A Family of 3 Amazing Boys – By Michelle Strom
The joys of two working parents raising a family of three boys in an area that has limited resources is never for the weak. If that got your attention, keep on reading! My name is Michelle Strom, and I am here to tell you all about how hard it is to find resources for a growing family and the limitations that I have had to overcome in the last nine years of being a parent.
My first son was born in 2016 with extreme colic, and we had to work through it as two parents who worked opposite schedules due to the lack of child care and the high expense of the ones that had availability. My husband would go to work from 6pm to 4am and I would leave the house at 5am and get home around 3pm. This plus us also having different days off would allow us time to see each other in passing but never have the amount of time needed to spend as a family. With that being said, we never needed child care due to the schedules, but we were both exhausted parents trying to survive the world of colic.

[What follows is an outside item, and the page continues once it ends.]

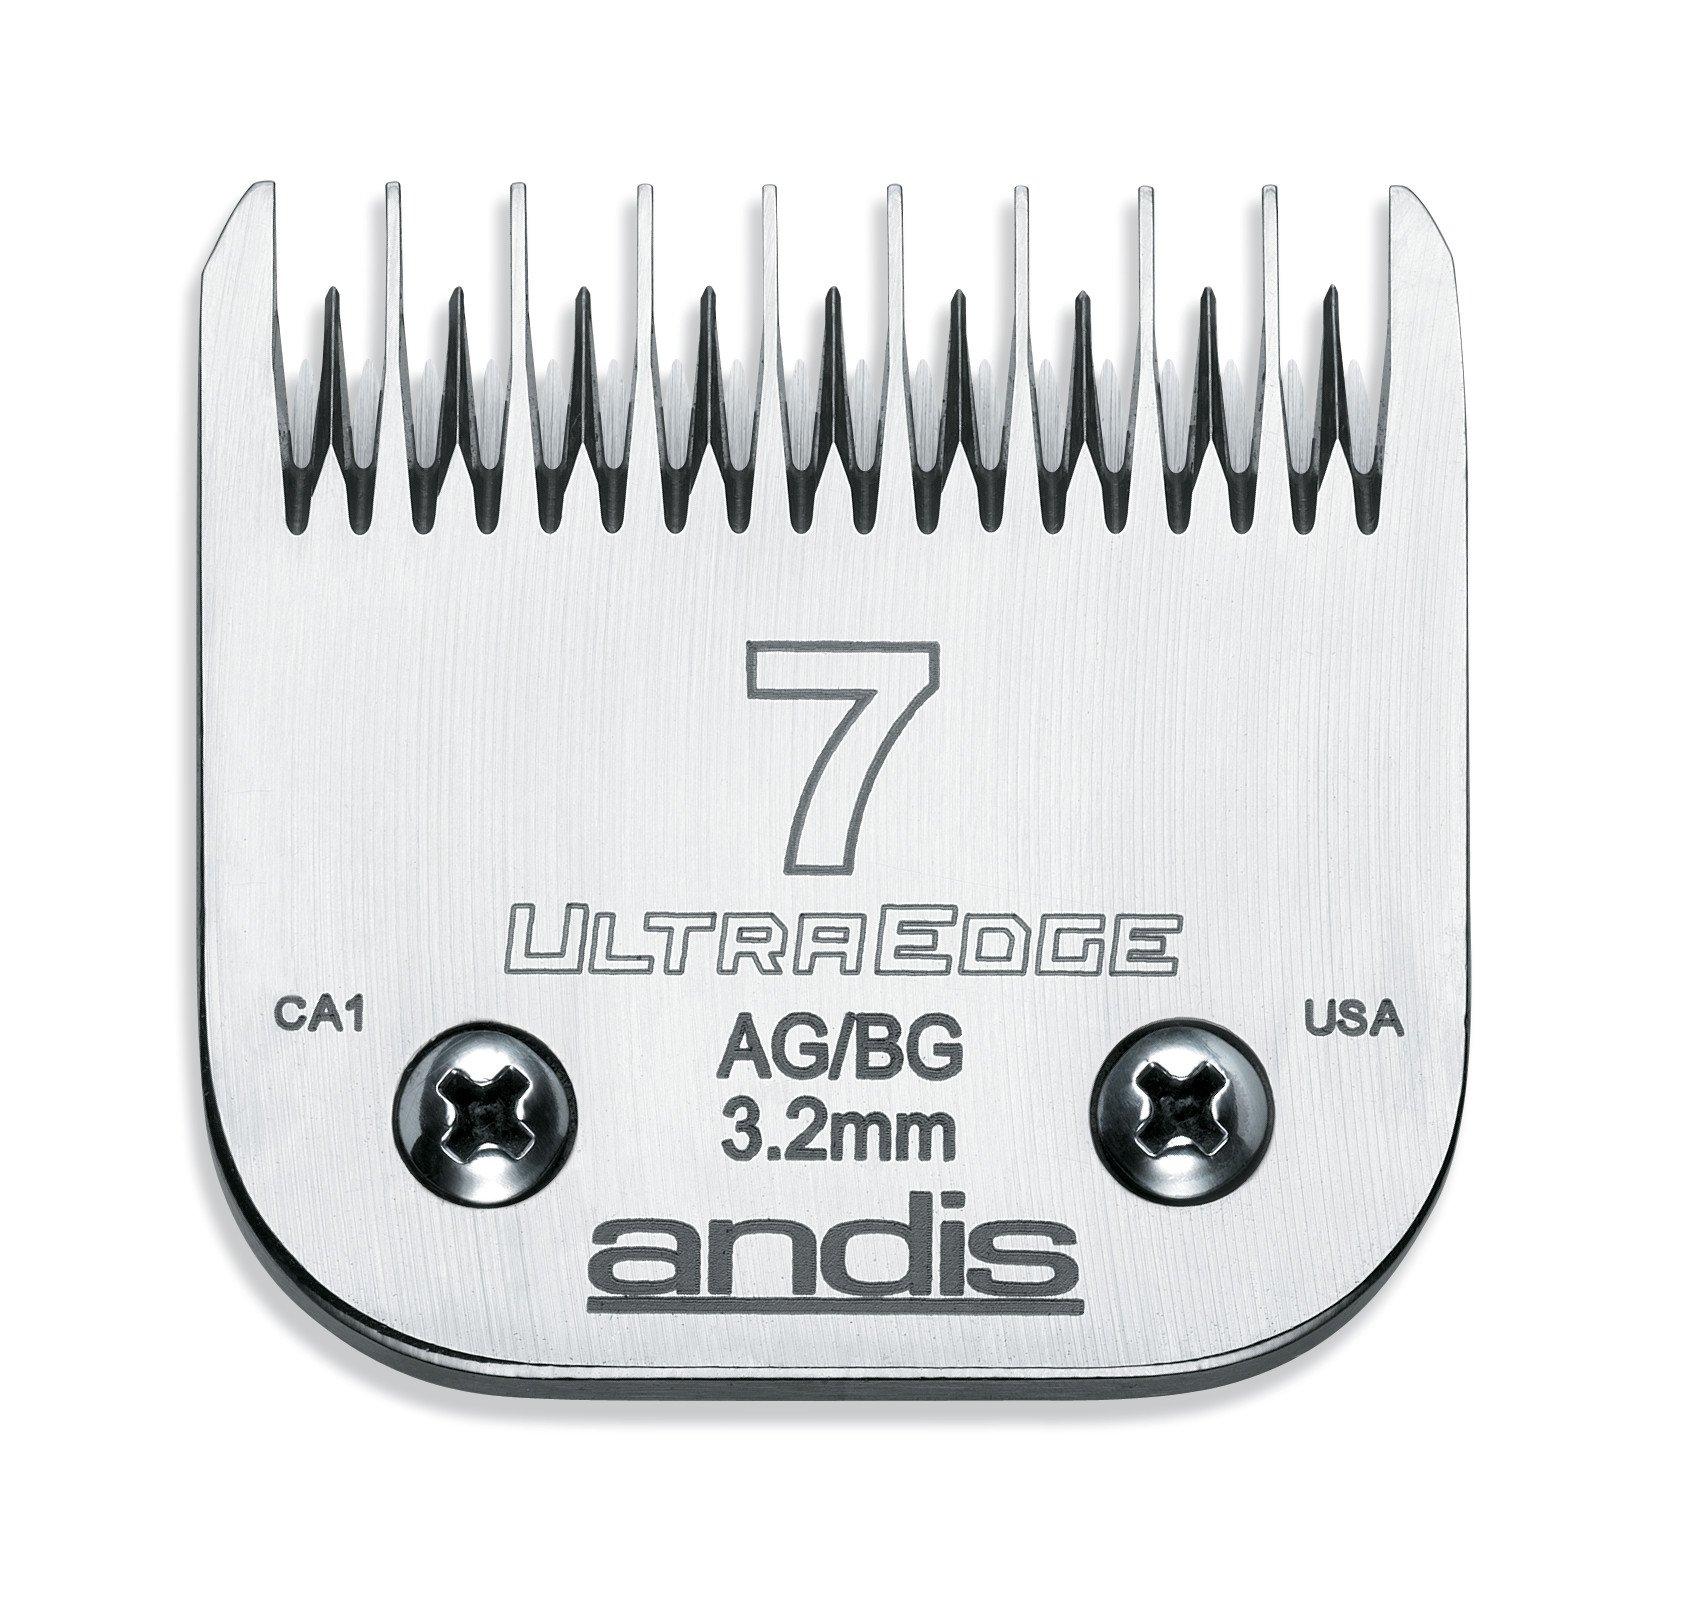 Cuchillas : Andis 7 Ultra Edge 802128 Reemplazo

When we looked into child care, there were only three options. The two affordable ones were completely full and needed at least six months on a waiting list. The one that “fit” all my mom standards cost more than what I made in a month. So, getting up and going to work when our child was only sleeping in 30-minute increments (if I was lucky) for 10 months of his life was extremely rough. We did not receive family support during this time, and it was hard to be a first-time mom going through all of it on our “own”. The care that we did receive for his colic came with the famous saying of “he will grow out of it”. We went to specialist after specialist and that was the answer.
Now fast forward to two years later when my next son was born and it was a total day and night transformation. I went down to being a contract employee 6 months out of the year due to again the cost of child care and our work schedules. It is truly sad to think that child care could cost more than a mortgage payment in our area for one child. Putting our family’s needs ahead of my own career path was what we decided to do. With no family support to help watch the two little boys, my husband worked a lot of overtime to counteract me staying home, which limited our family time once again.

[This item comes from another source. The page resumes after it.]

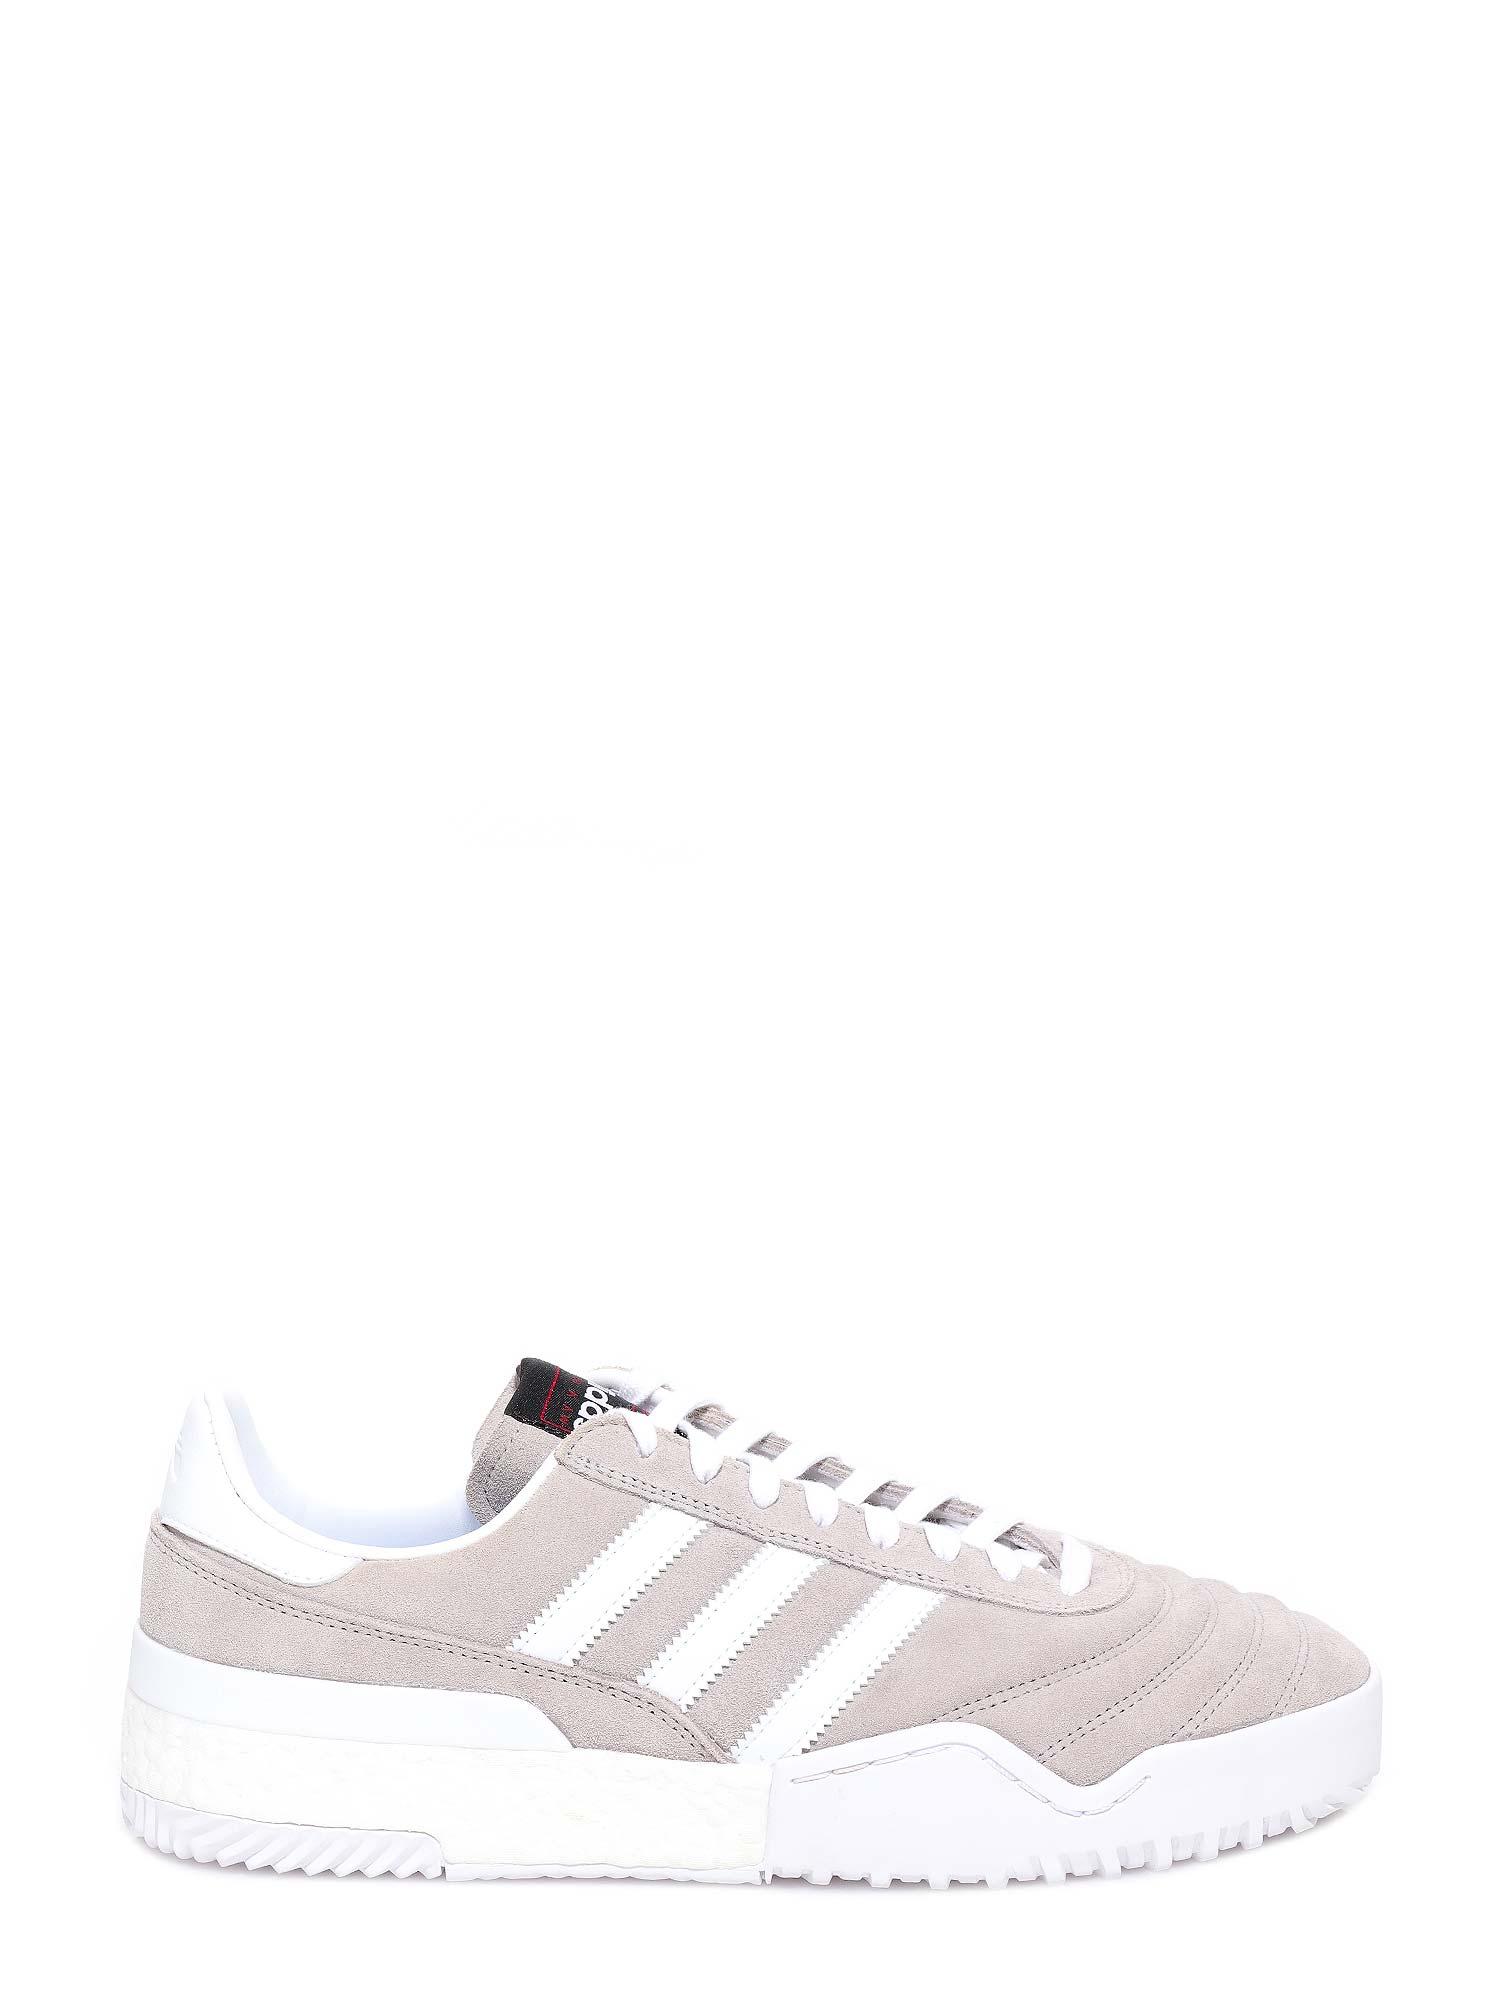 Adidas Originals by Alexander Wang Aw Bball Soccer Sneakers

We were blessed for this option though because that is when my two-year-old started intensive speech therapy. I went to the pediatrician and was concerned with his speech growth around 18 months. He couldn’t get his words out at that time not because he didn’t have words, but he just couldn’t physically move his mouth to make the words come out. Well, after 6 months of being the “annoying” mom, we finally got scheduled through Early Intervention, but we did not qualify based off of his “need” not being there and the lack of speech pathologist in our area for his needs to be addressed.
So now onto working with another organization to get him re-evaluated and start the intensive therapy he needed two times a week for an hour each time. He not only went to speech, but also for therapy for his tongue and lip time. This mom of two boys under 2.5 was driving over an hour one way to get the services that he needed and should have been receiving in our area.

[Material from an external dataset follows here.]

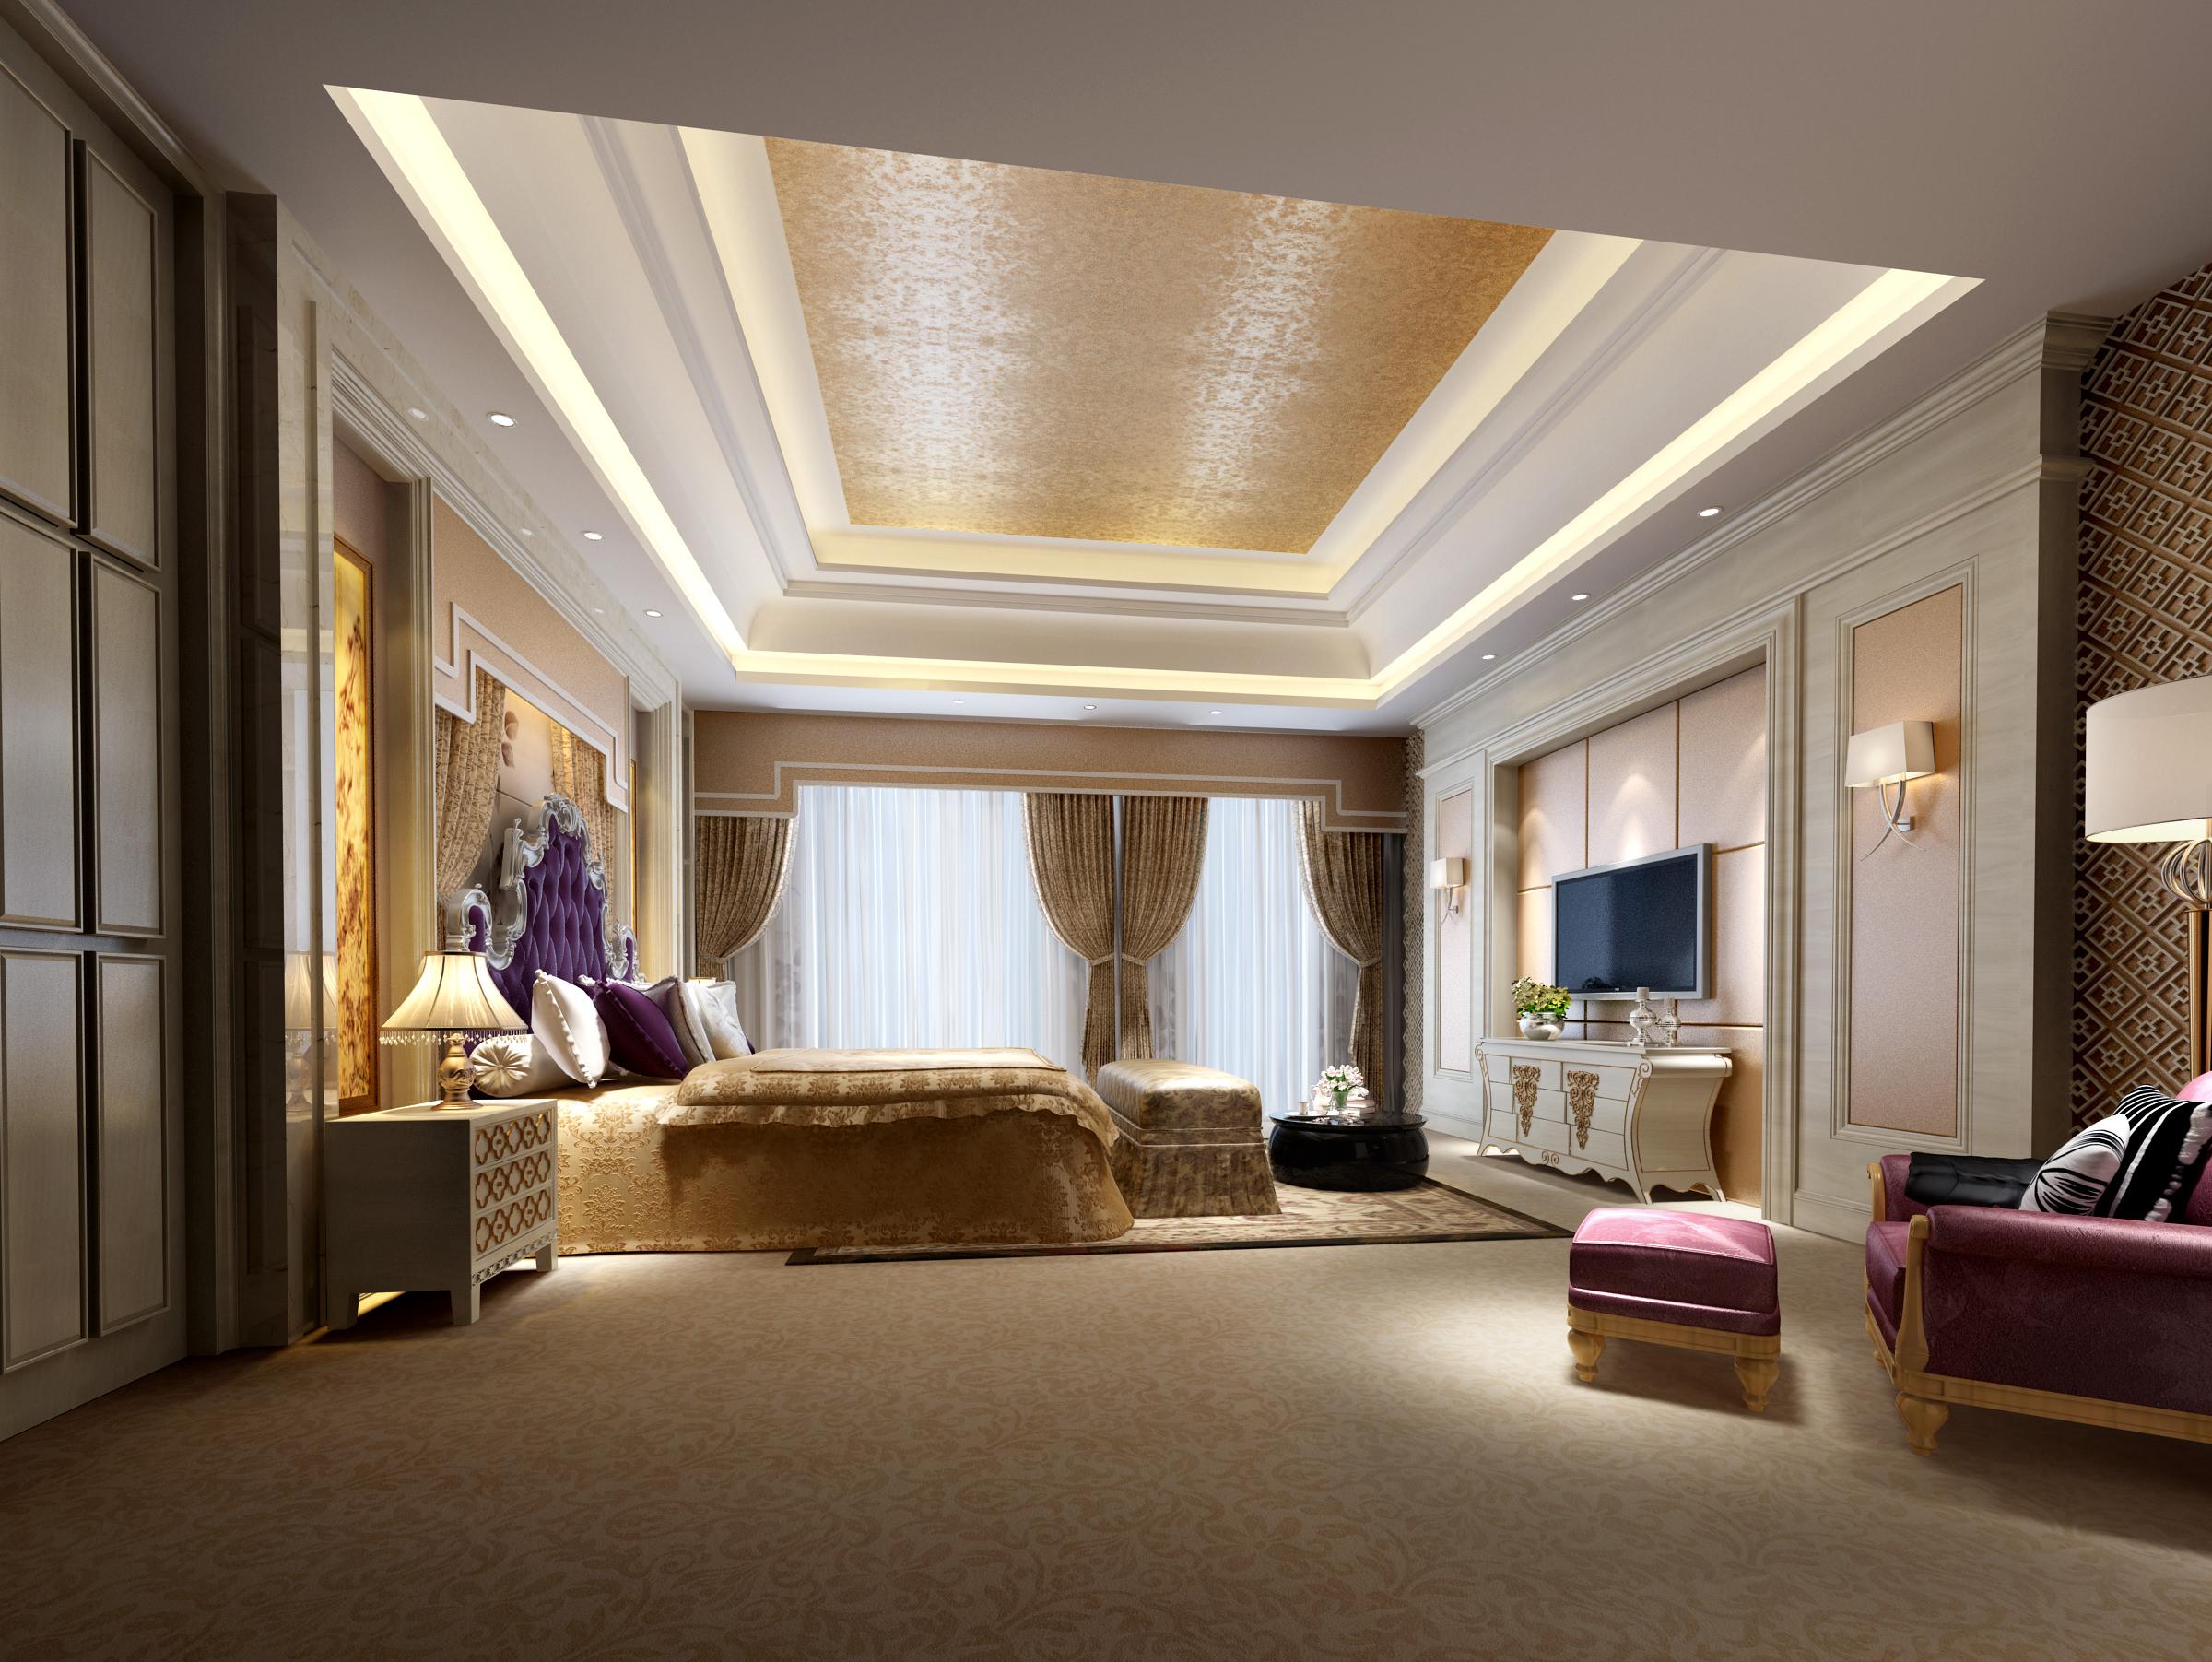 Model Bedroom Interior Design Collection Living Room And Bedroom Collection 1 3d Model Max

Now fast forward to Covid and me losing my job due to needing to come back into the work place but there being no child care available due to the safety precautions. This led to a hard financial time in our family with only one parent working. We did intensive therapy until he went into kindergarten, but this was the masked year of Covid. My child who already did not want to talk and struggled with his speech was masked. He truly struggled his first full year of public education.
Then we had our third boy in January of 2022. He completed our family and now had to go for physical therapy two times a week again an hour away each way from home due to torticollis from birth. So, I was dropping off one child at one school, then going to another school for my middle child, and driving an hour away for therapy three times a week for an hour and hoping to be back in time for preschool pick up, nap time, and then kindergarten pick up. The stress was at an all-time high in our house for sure! My poor husband picked up all the overtime he could to afford our family, and I worked as a stay-at-home mom to provide all the transportation and family time to our kids.
Then came an opportunity of a lifetime for me to go back to work as a full-time substitute in our district. Here comes the fun part of finding a child care for my littlest. We looked at the two in our area and the four in-home child cares. The prices were so high it did not make economic sense to go back to work. I then told my friend about this problem, and she offered her own niece to watch our little one for the school year because she was in school and needed the extra money. This was perfect for me because not only did this work out for me financially, but for her too.
Now comes second grade for my oldest, who truly started to struggle again in school. He was always the good kid now turning into the child who could not sit through the whole day and had a hard time during lessons. We finally got him into the doctors mid-way through the school year to find out he needed 16-hour testing for ADHD and that it was all done again 45 minutes away from our home. Then came scheduling those tests. It was hard to juggle everyone’s schedule and planning for these tests.
Now it has taken over a year of trying new medication and a lot of patience in the process from school, us as parents, and him. There have been so many times as a parent with limited resources I just wanted to give up, but then I look at my family and keep on going for them to have the best life.